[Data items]
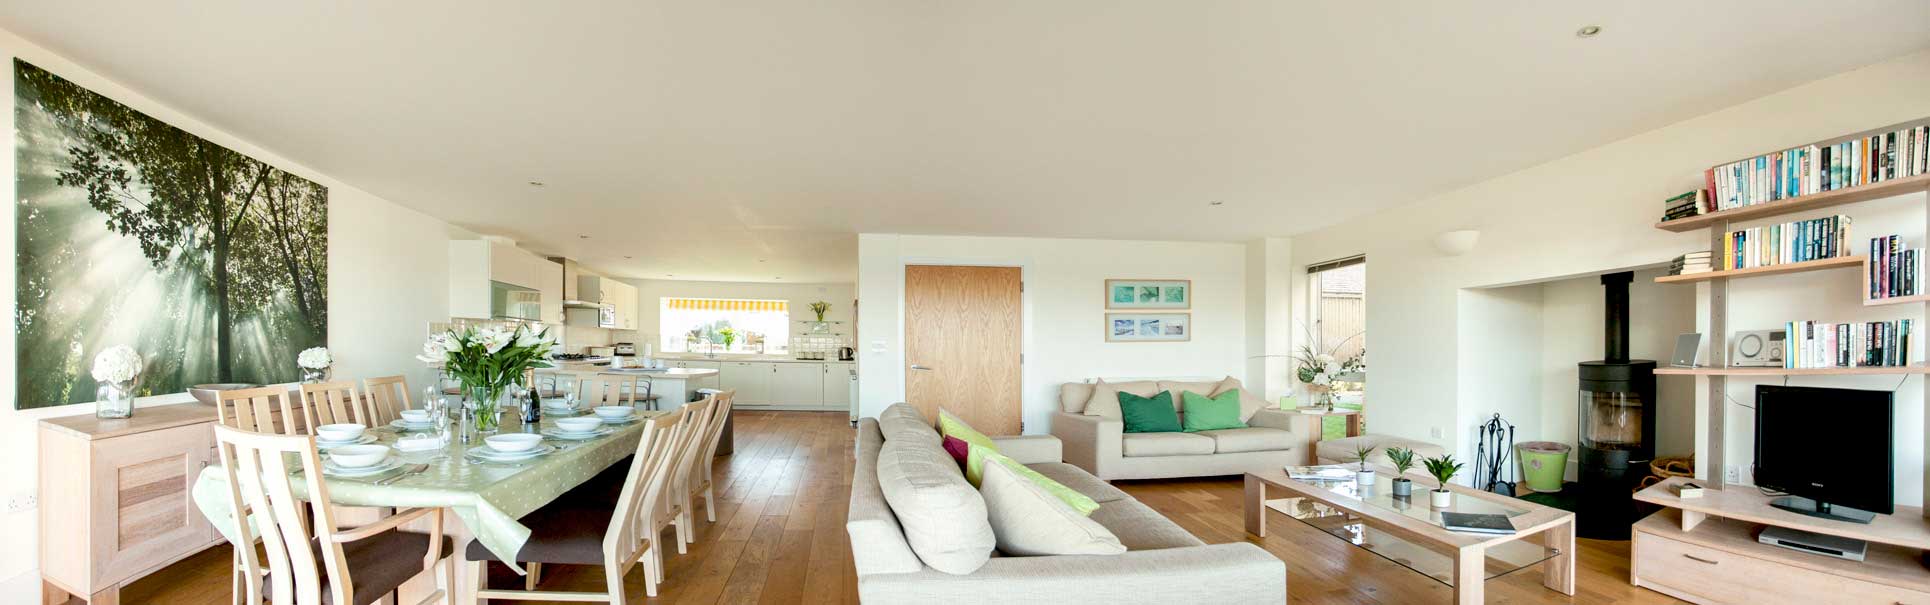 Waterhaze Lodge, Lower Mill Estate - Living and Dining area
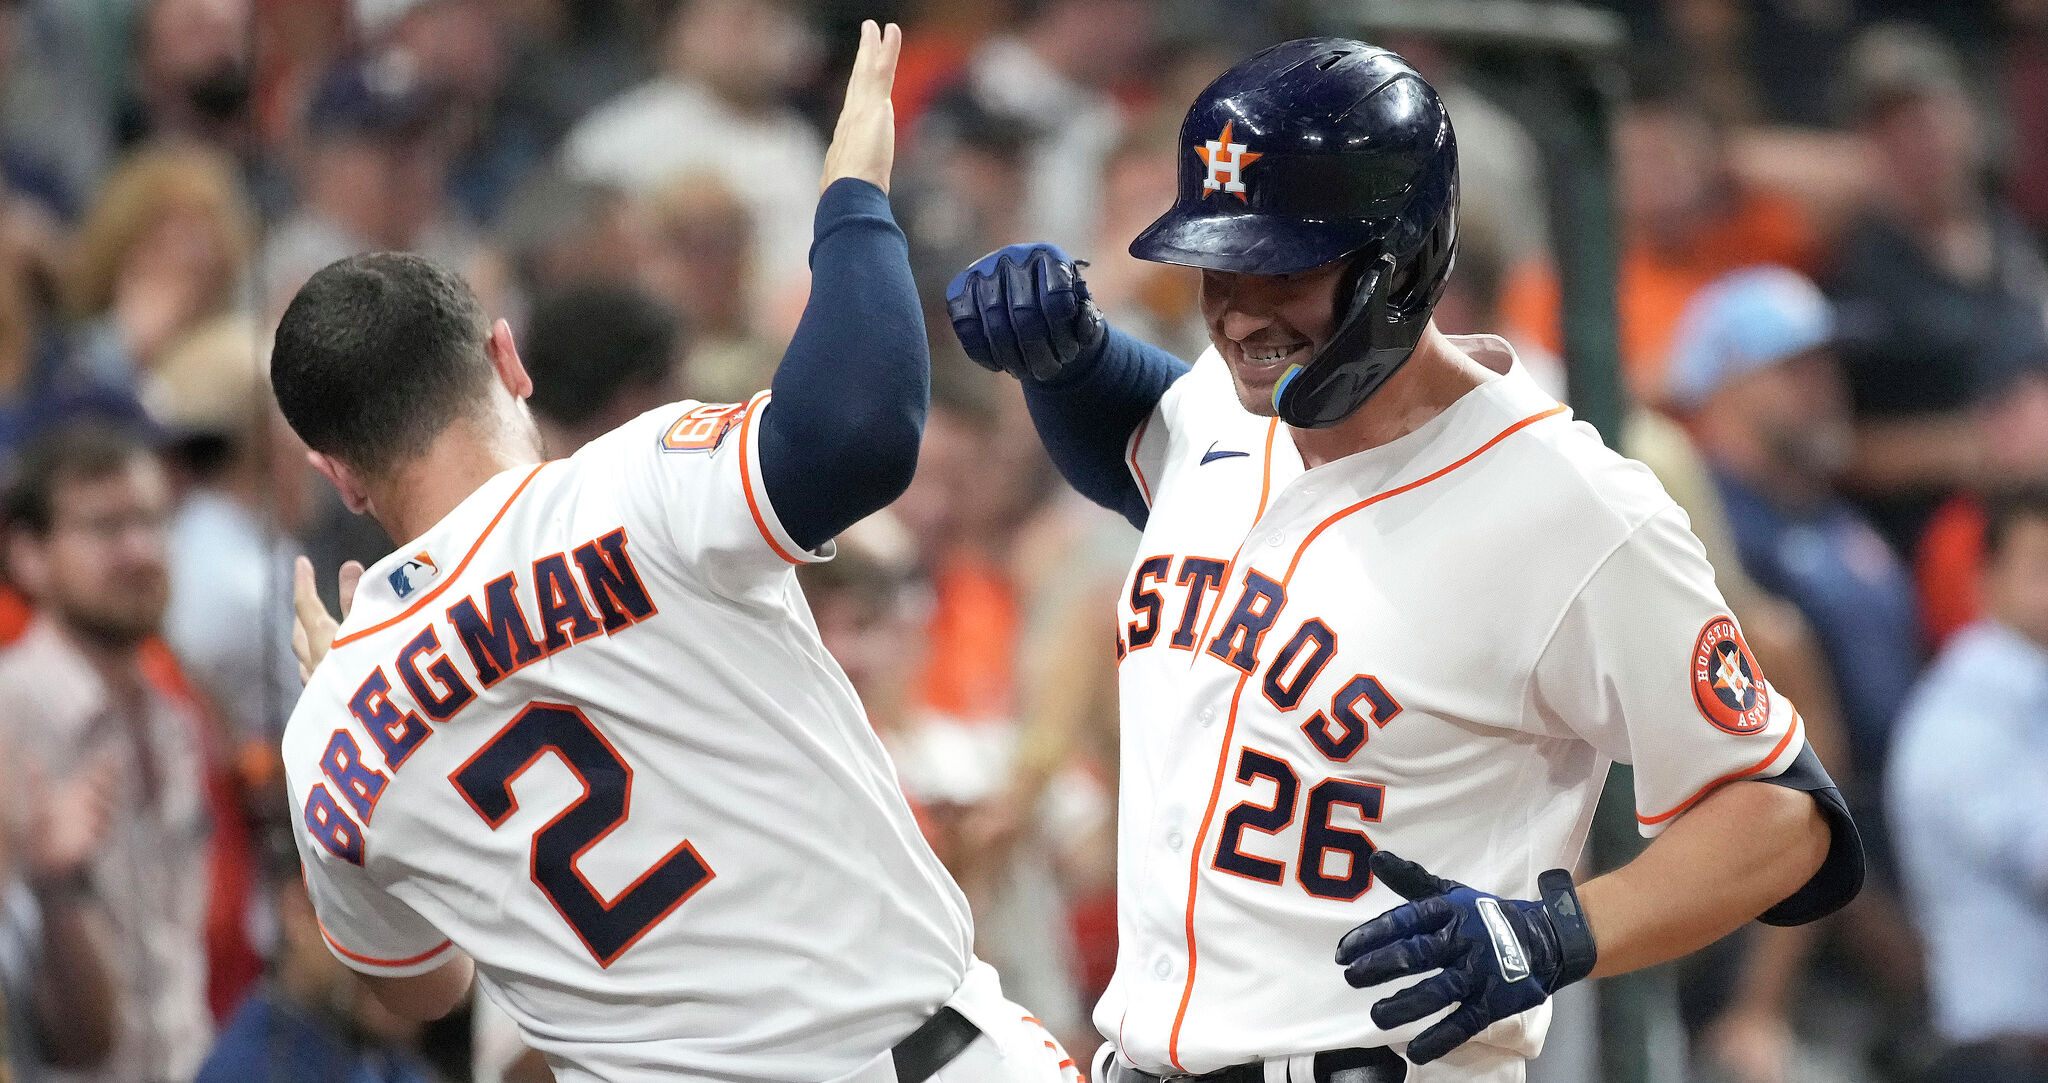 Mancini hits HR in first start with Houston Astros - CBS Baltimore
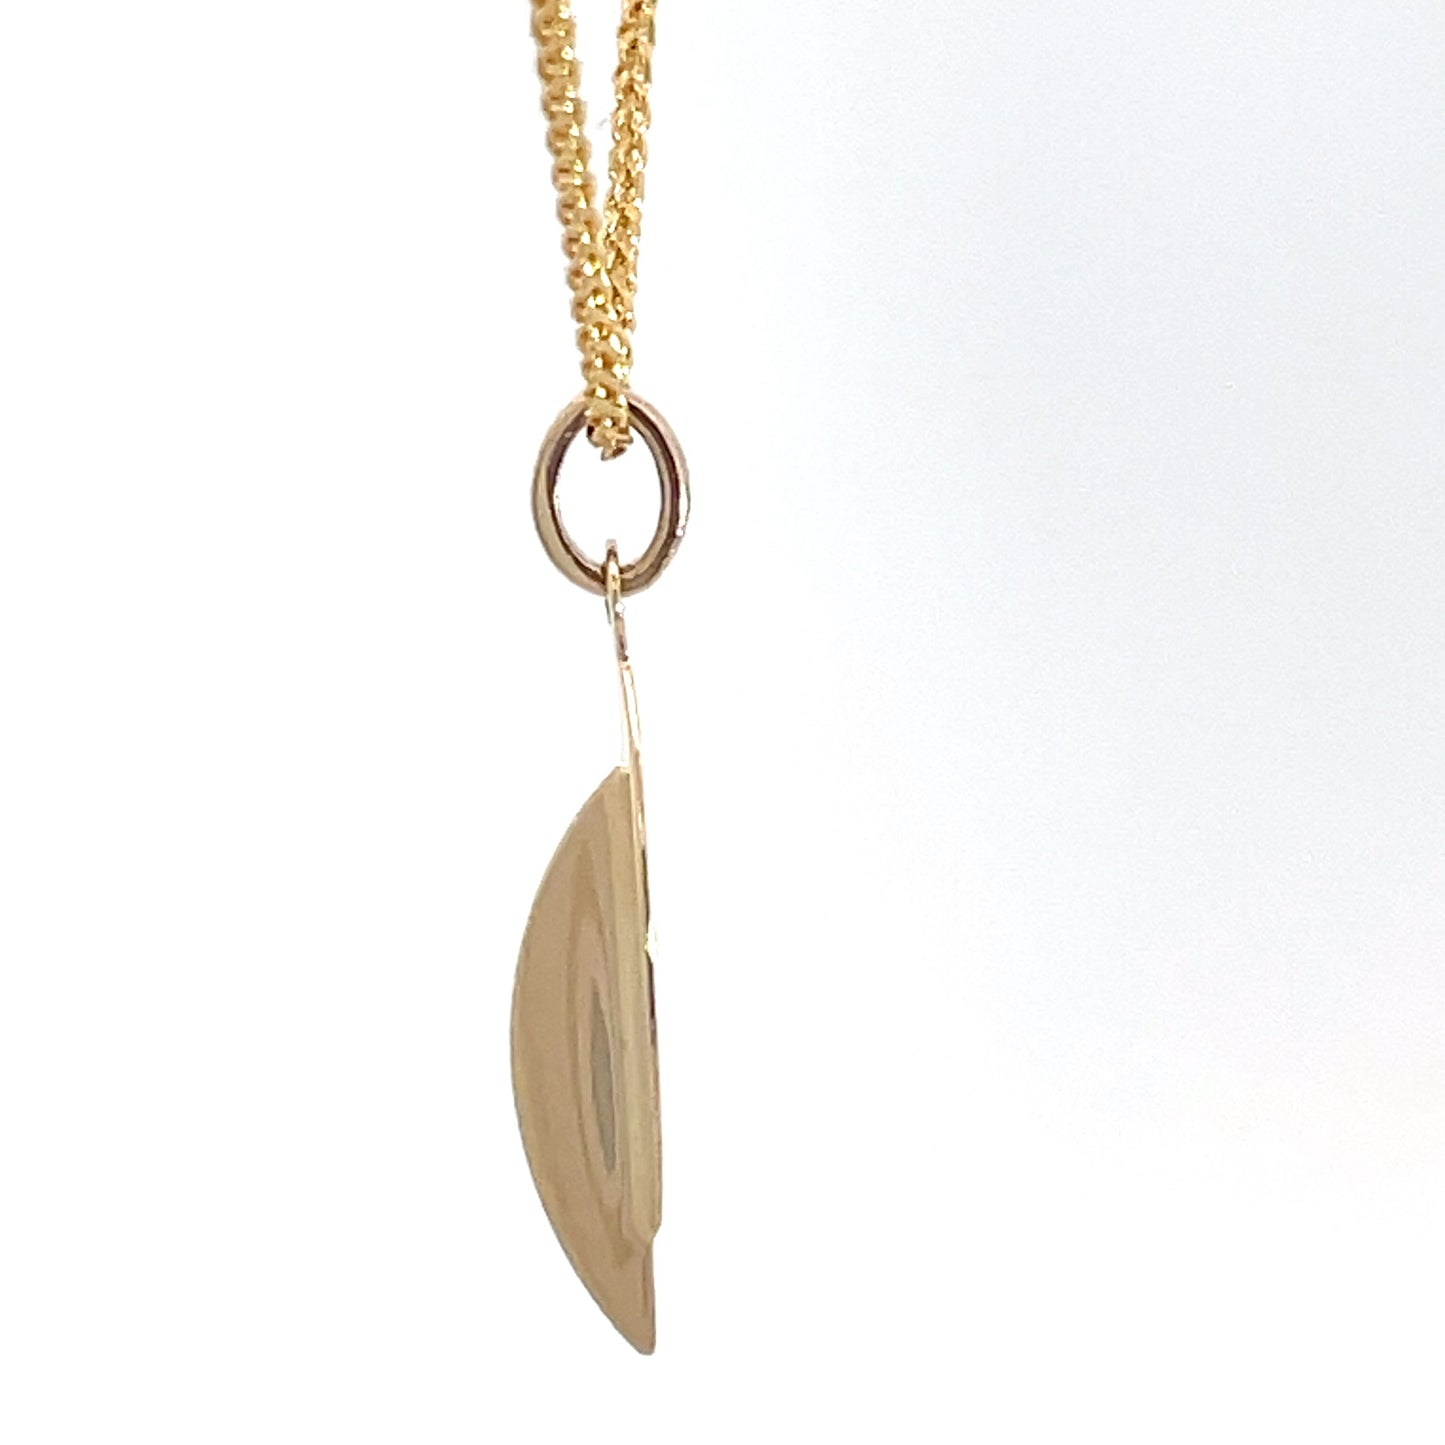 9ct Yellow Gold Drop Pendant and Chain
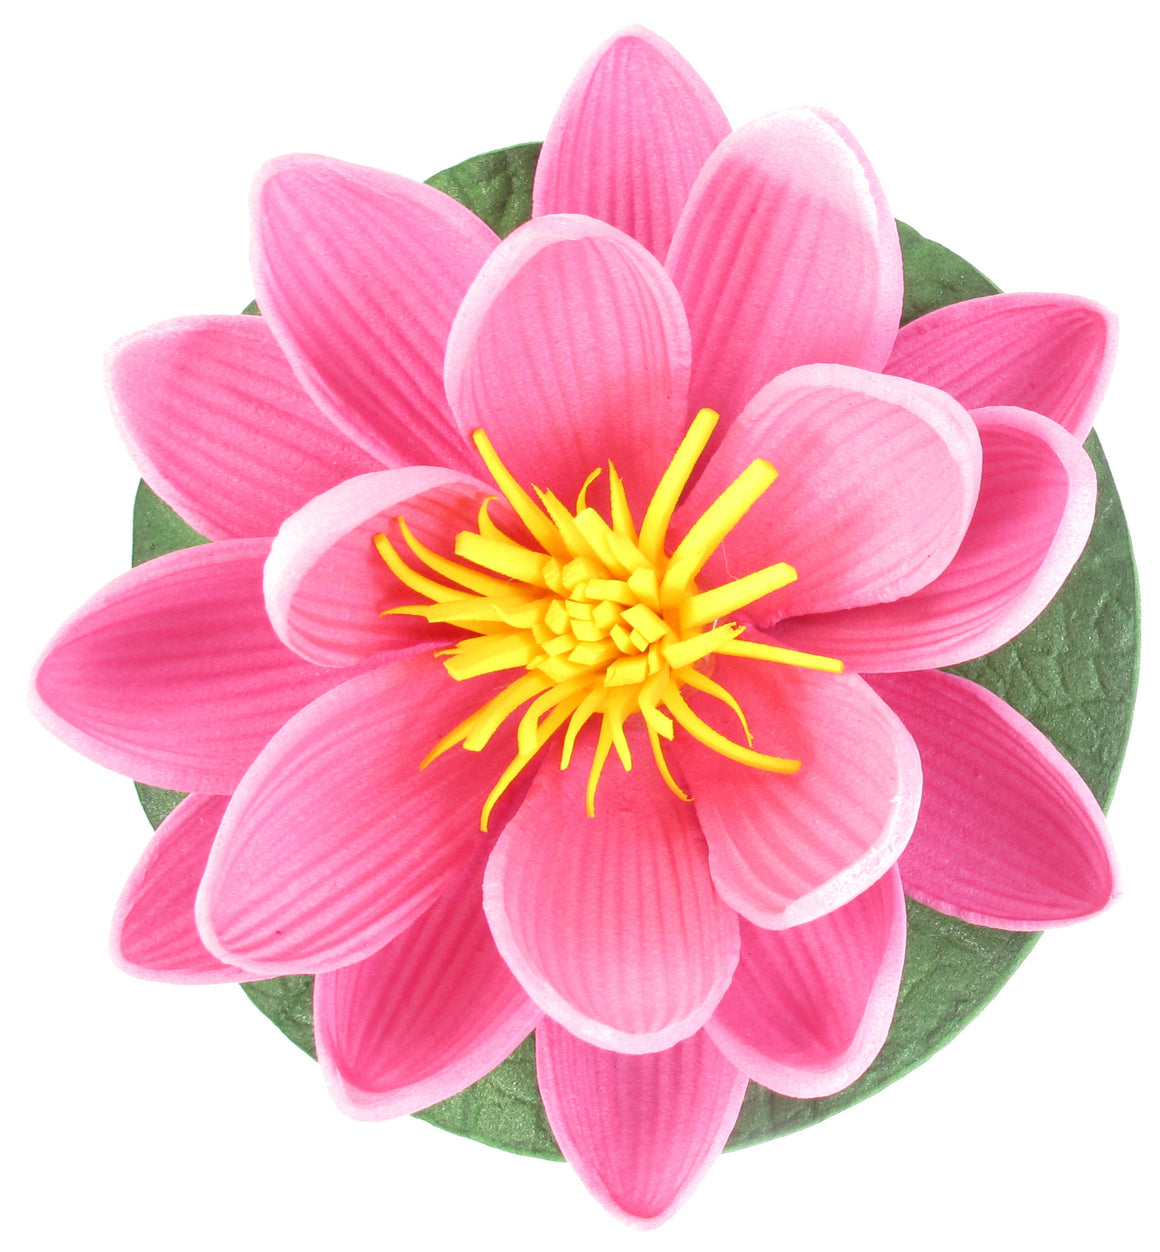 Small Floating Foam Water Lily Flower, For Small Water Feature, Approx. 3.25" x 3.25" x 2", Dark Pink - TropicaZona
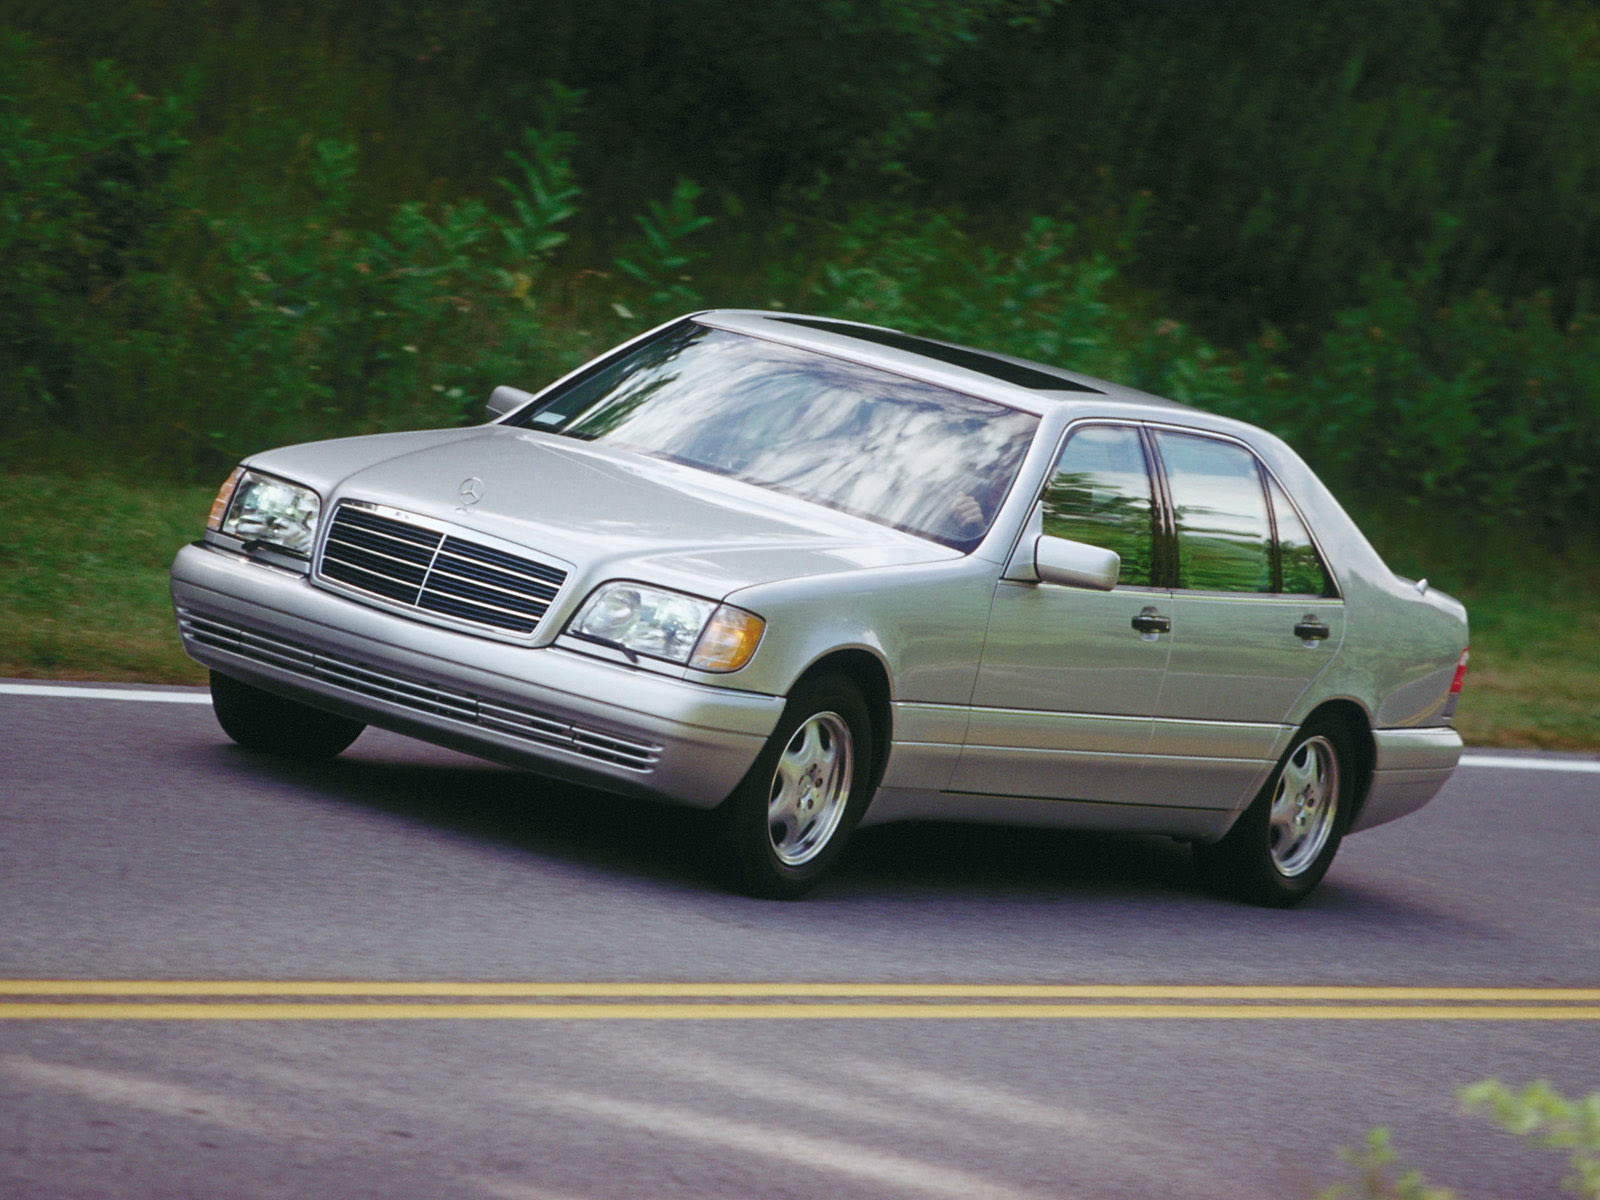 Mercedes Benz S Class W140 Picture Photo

(WHAT IS NEEDED): Your copy should hold exactly the lines from the one with "Mancini hits HR" through the end of the records, both included, and no pictures.

(RESPONSE BOX):
 Mancini hits HR in first start with Houston Astros - CBS Baltimore
 9ct Yellow Gold Drop Pendant and Chain
 Small Floating Foam Water Lily Flower, For Small Water Feature, Approx. 3.25" x 3.25" x 2", Dark Pink - TropicaZona
 Mercedes Benz S Class W140 Picture Photo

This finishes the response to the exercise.